■ Activity
Leave out the images and repeat the listing below without a single change.
**** Raw data
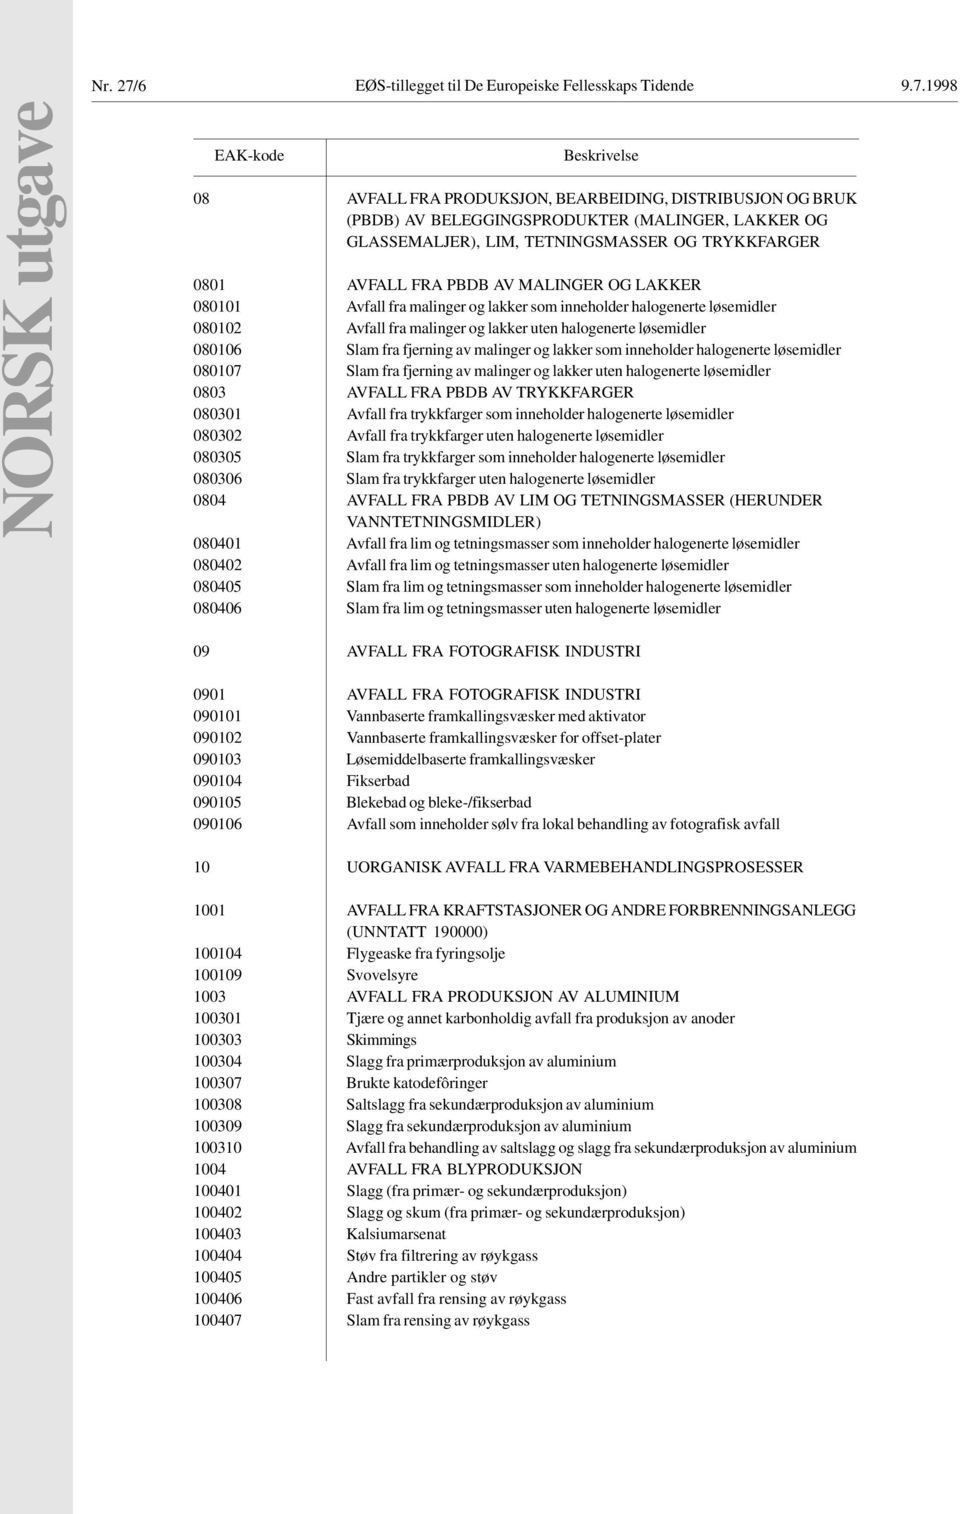 1998 NORSK utgave EAK-kode Beskrivelse 08 AVFALL FRA PRODUKSJON, BEARBEIDING, DISTRIBUSJON OG BRUK (PBDB) AV BELEGGINGSPRODUKTER (MALINGER, LAKKER OG GLASSEMALJER), LIM, TETNINGSMASSER OG TRYKKFARGER
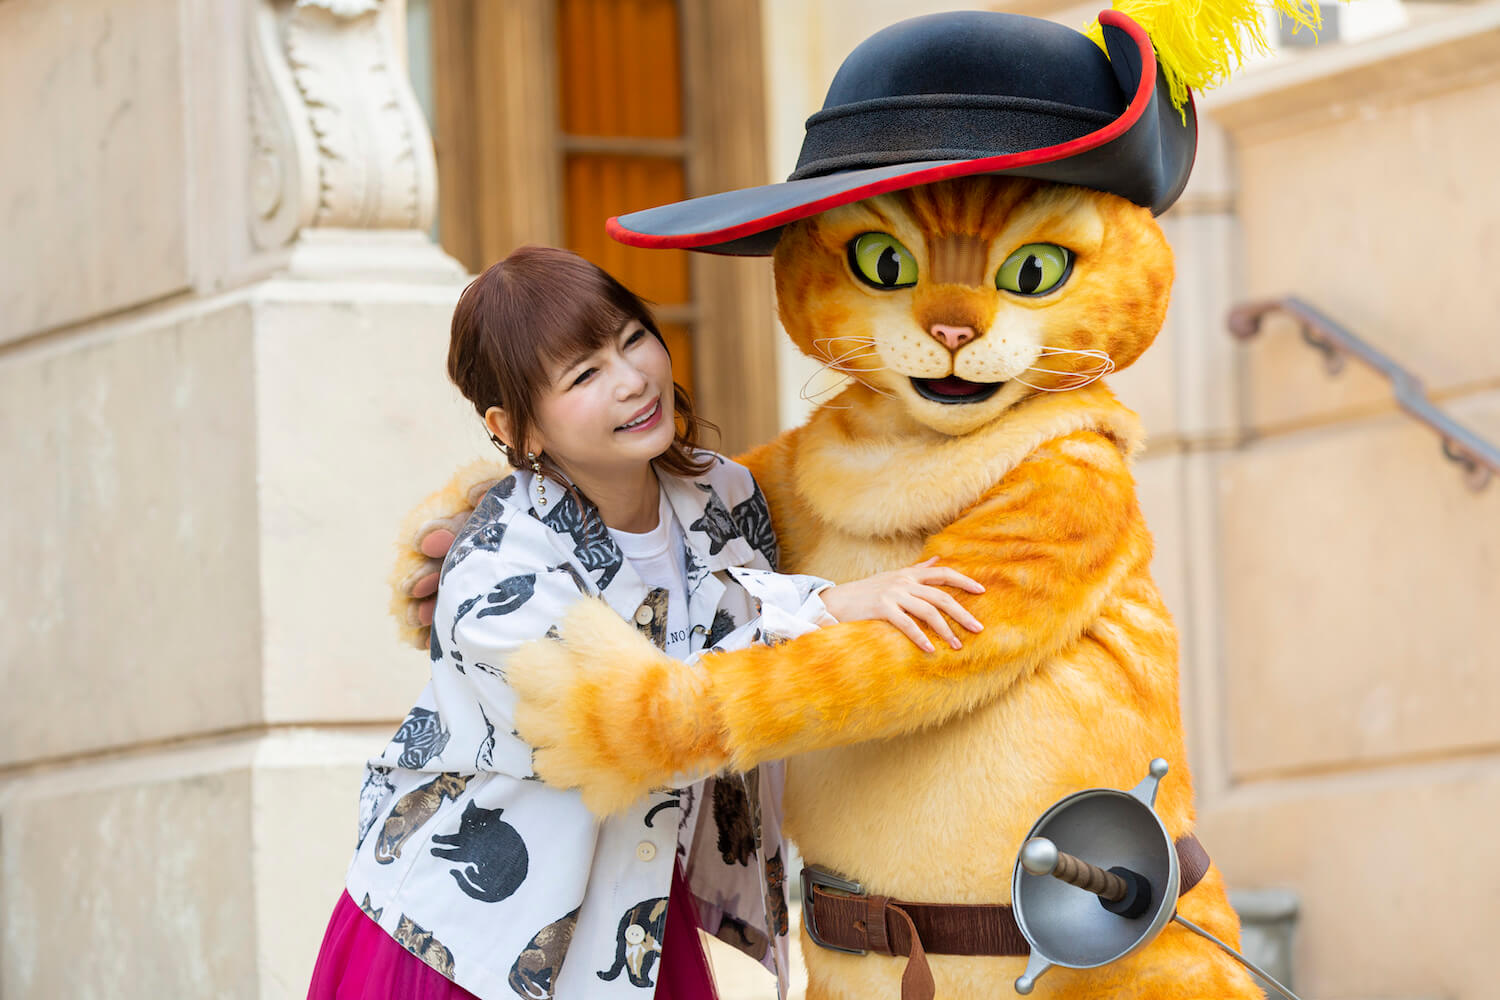 映画『長ぐつをはいたネコと9つの命』の主人公・猫の「プス」とグリーティングで触れ合う中川翔子（しょこたん）
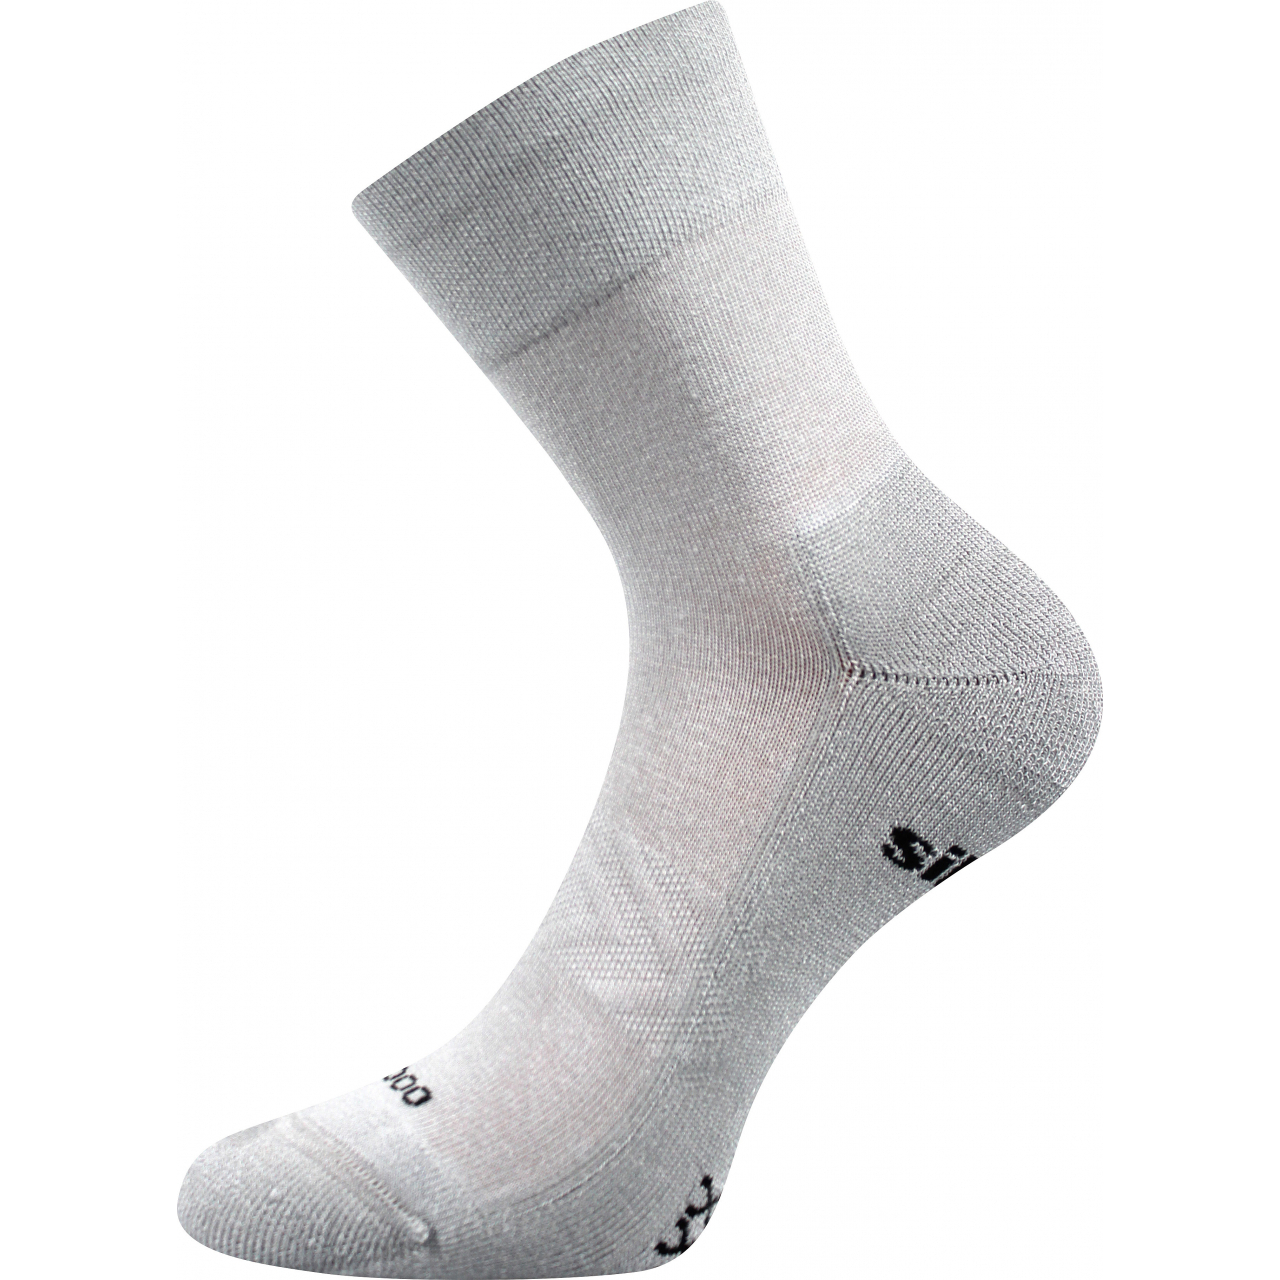 Ponožky sportovní unisex Voxx Esencis - světle šedé, 39-42
********
■ Solution to this task
 1998 NORSK utgave EAK-kode Beskrivelse 08 AVFALL FRA PRODUKSJON, BEARBEIDING, DISTRIBUSJON OG BRUK (PBDB) AV BELEGGINGSPRODUKTER (MALINGER, LAKKER OG GLASSEMALJER), LIM, TETNINGSMASSER OG TRYKKFARGER
 映画『長ぐつをはいたネコと9つの命』の主人公・猫の「プス」とグリーティングで触れ合う中川翔子（しょこたん）
 Ponožky sportovní unisex Voxx Esencis - světle šedé, 39-42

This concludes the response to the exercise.